Is the SonicWall TZ370 suitable for a multi-site SD-WAN deployment with redundant ISPs?
Yes. The TZ370 natively supports Secure SD-WAN with application-aware traffic steering, allowing you to route Microsoft 365 traffic over a low-latency broadband link while sending backup traffic over MPLS. The Gen 7 architecture also handles link bonding and failover seamlessly, though the one-year bundled Advanced Protection Suite will require renewal to maintain full features.
How does the Glovary N150 mini PC compare to a dedicated FortiGate for inspection performance?
The Glovary N150 relies on CPU cycles for all inspection — Suricata, Snort, or Zenarmor — because it lacks dedicated ASICs or NP6/7 processors found in FortiGate appliances. For a 500 Mbps internet connection, the N150 handles OPNsense with basic IDS/IPS. Above 1 Gbps with full DPI, a dedicated FortiGate or SonicWall will maintain consistent throughput while the mini PC will hit CPU saturation.
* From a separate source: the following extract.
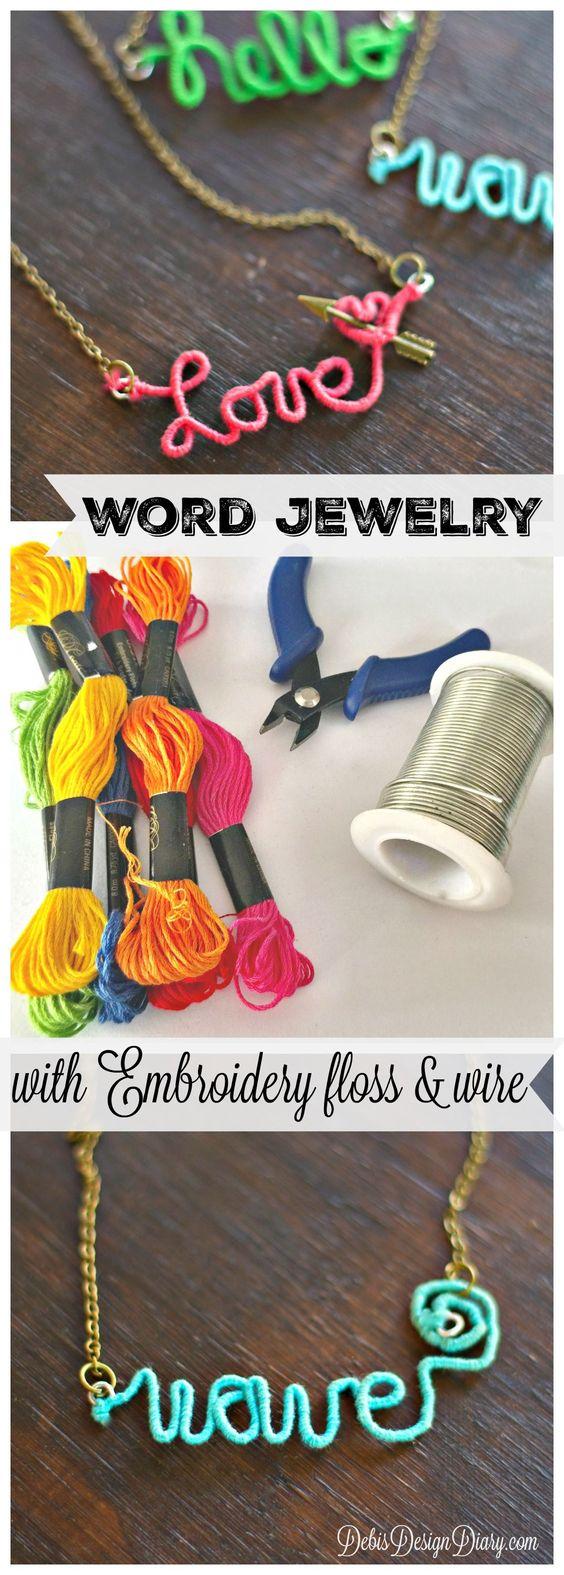 Personalized Wire Word Jewelry Anthropologie knock off Jewelry

Final Thoughts: The Verdict

For most users, the enterprise firewall winner is the FortiGate-80F because it balances integrated Wi-Fi 6, eight copper ports with SFP uplink capability, and mature SD-WAN features in a fanless form factor that fits a branch office or mid-size company. If you want a multi-year subscription that eliminates renewal risk, grab the FortiGate-60F 36-Month UTP Bundle. And if you need a custom software-defined stack with six independent 2.5GbE interfaces, nothing beats the Glovary N150 Firewall Mini PC.